Keywords: Juvenile idiopathic arthritis, Outcome measures, Pediatric rheumatology, radiography

  • Tweet
  • Click to email a link to a friend (Opens in new window) Email
  • Click to print (Opens in new window) Print
Session Information

Date: Saturday, November 7, 2020

Title: Pediatric Rheumatology – Clinical Poster II: JIA

Session Type: Poster Session B

Session Time: 9:00AM-11:00AM

Background/Purpose: Enthesitis related arthritis (ERA) is the commonest category of JIA seen in India and constitutes 30-40% of all JIA patients. There are many studies on long term outcomes in adult Spondyloarthritis but the data in children with ERA is scant. The available data is also mostly from developed countries. Thus, we studied outcome of ERA in adulthood in resource constrained setting where there is limited availability of anti-TNF agents.

Methods: Patients with ERA (ILAR classification) having >5 years of disease and above the age of 18 years were included in the study. Data on clinical features, Bath indices (BASMI, BASDAI, BASFI), health assessment questionnaire disability index (HAQ DI) was collected. CRP was measured by Nephelometry. X-ray pelvis including hips was obtained and compared with baseline X-ray available at first visit to our hospital for progression of radiological sacroiliitis and hip arthritis.
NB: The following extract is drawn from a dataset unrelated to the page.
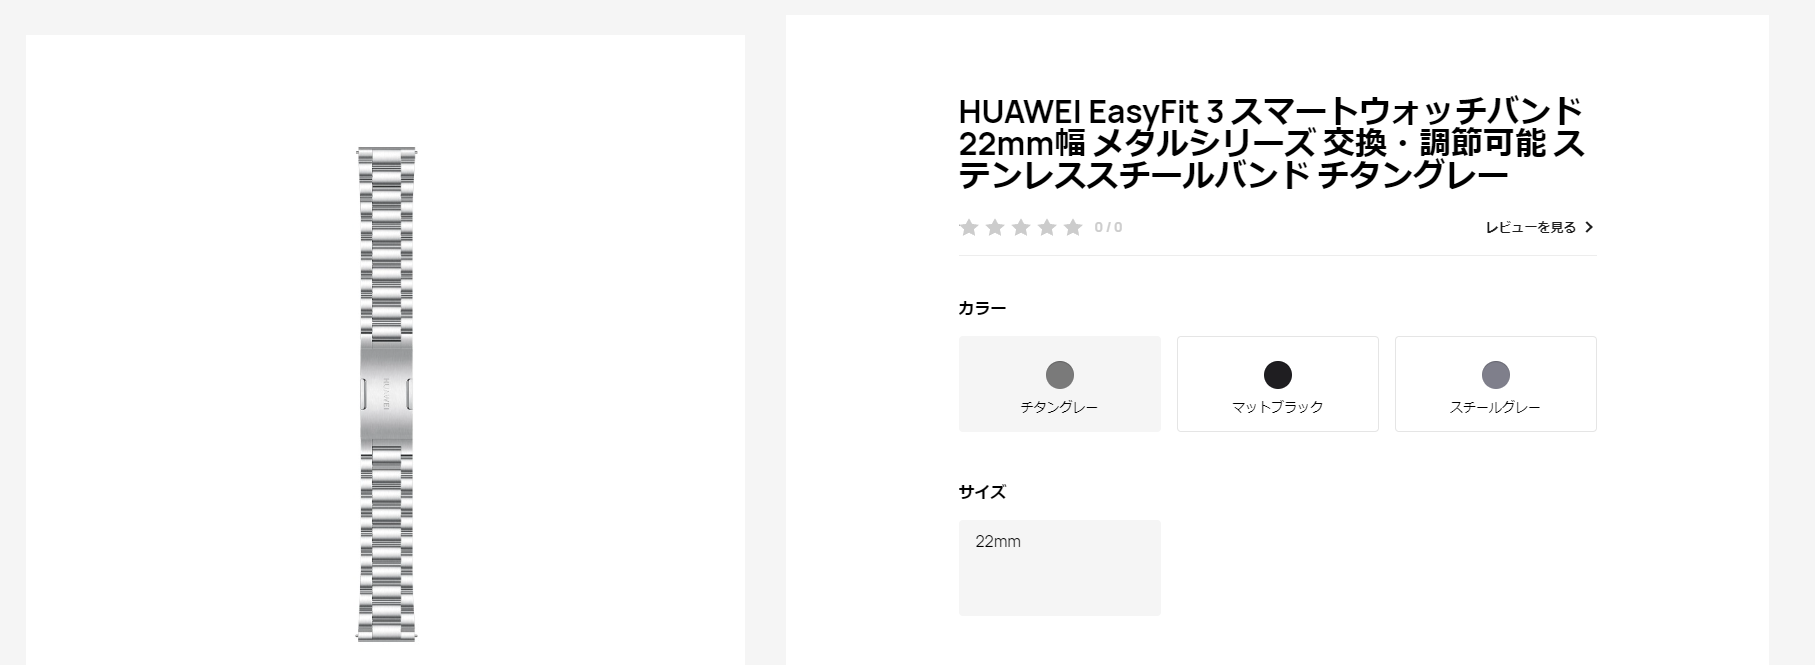 市場 HUAWEI EasyFit メタルシリーズ スマートウォッチバンド 22mm幅 交換 調節可能 ステンレススチール マットブラック日本

The X-rays were assessed by two radiologists. In addition, fulfilment of adult criteria of Spondyloarthropathy (SpA), assessment of Spondylarthritis International Society (ASAS) and modified New York (NY)] were assessed.

Results: 73 patients (72 male) of median age 20 (18-23) years and median disease duration of 8 (5.5-11) years were recruited. There was delay in diagnosis of 4 (1.75-6) years. Nearly all (96%) had active disease (BASDAI >0) and median CRP was 2.1 (0.6-4.8) mg/dl. Three-fourth (75.3%) had functional disability (HAQ DI >0) and median BASFI was 1.95 (0.6-3.5).  67 patients fulfilled axial ASAS criteria, while 71 fulfilled peripheral SpA criteria.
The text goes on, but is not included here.